There are parts of the job where code is straightforwardly better, and I have no interest in pretending otherwise. Anything that needs real programmatic composition, conditional branches, loops over a data fixture, a bit of computation between steps, is something a scripting language can do and a GUI can't. Review is the other clear one. A test in code is a diff in a pull request, and another engineer can read it and push back on a brittle locator before it ships. A recorder's output is, at best, a text representation of steps that doesn't really map to code-review habits. Copy-paste I'll concede without a fight too. When you're authoring the tenth variant of a similar flow, starting from an existing test and editing it is faster than re-recording, and a recorder can't really fix that.

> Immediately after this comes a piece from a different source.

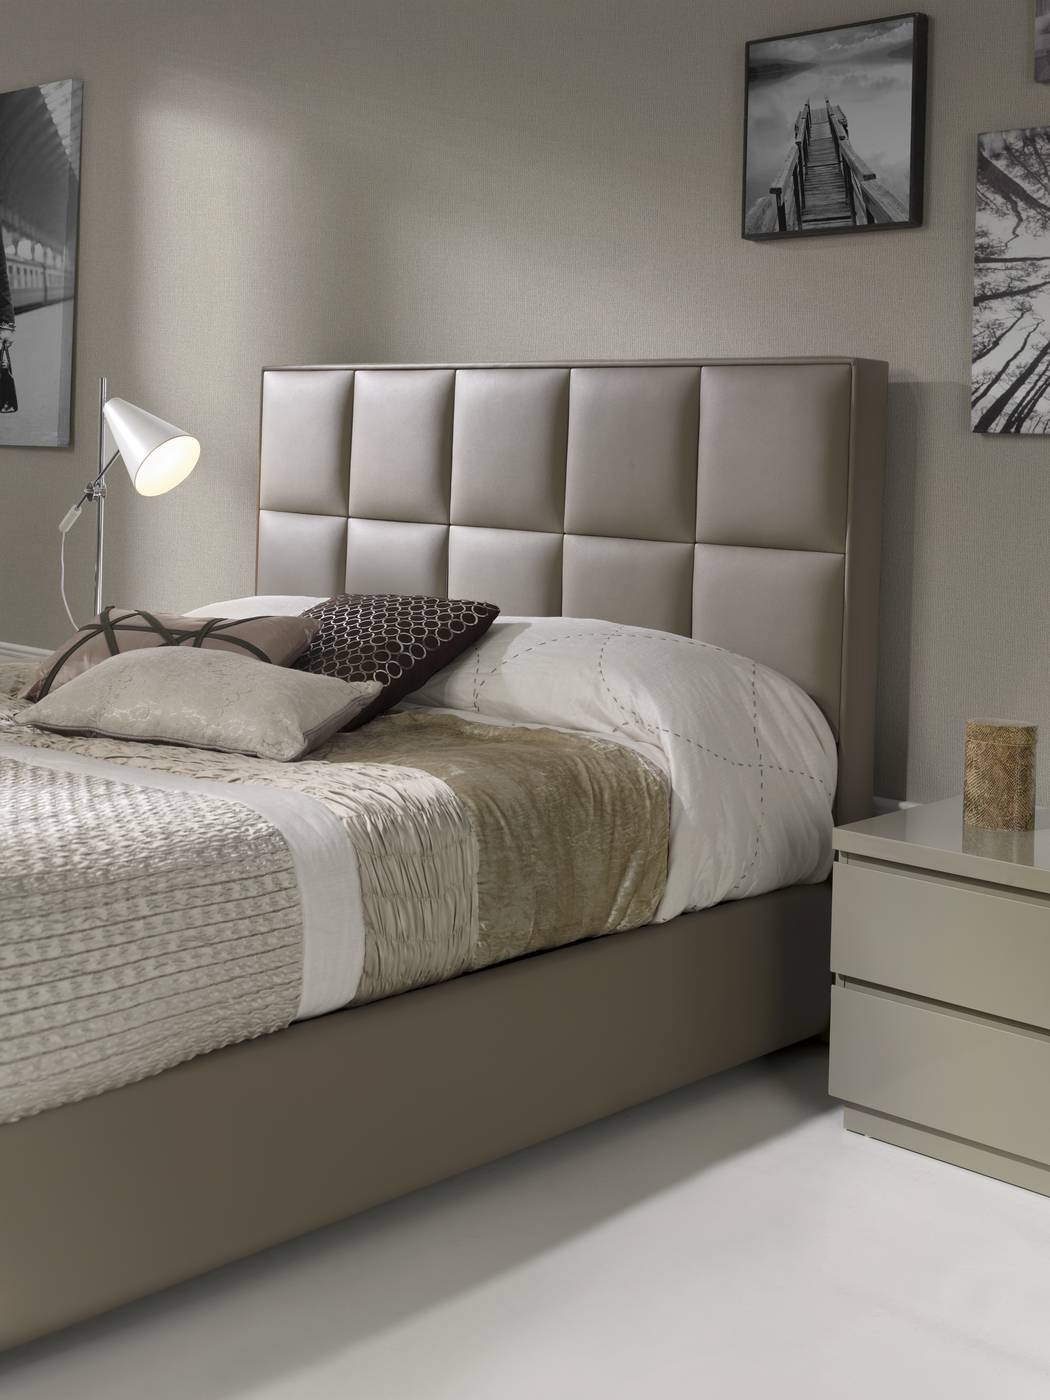 Cama Abatible LD Noa - Cama con canapé abatible tapizada en polipiel, tela o terciopelo, para cama de 150 cm, disponible en varios colores.

A recorder genuinely wins in two places. The first is onboarding. A new engineer on a code-based suite has to learn the team's page-object conventions, plus whatever helpers the team has built up over the years. On a recorder there's a lot less to pick up before you're useful. The second is how tests hold up over time. I wrote about this in the previous post, but the short version is that if the tool doesn't export code, the tests don't rot when a browser API changes underneath them.
Then there's a larger middle where the honest answer is depends.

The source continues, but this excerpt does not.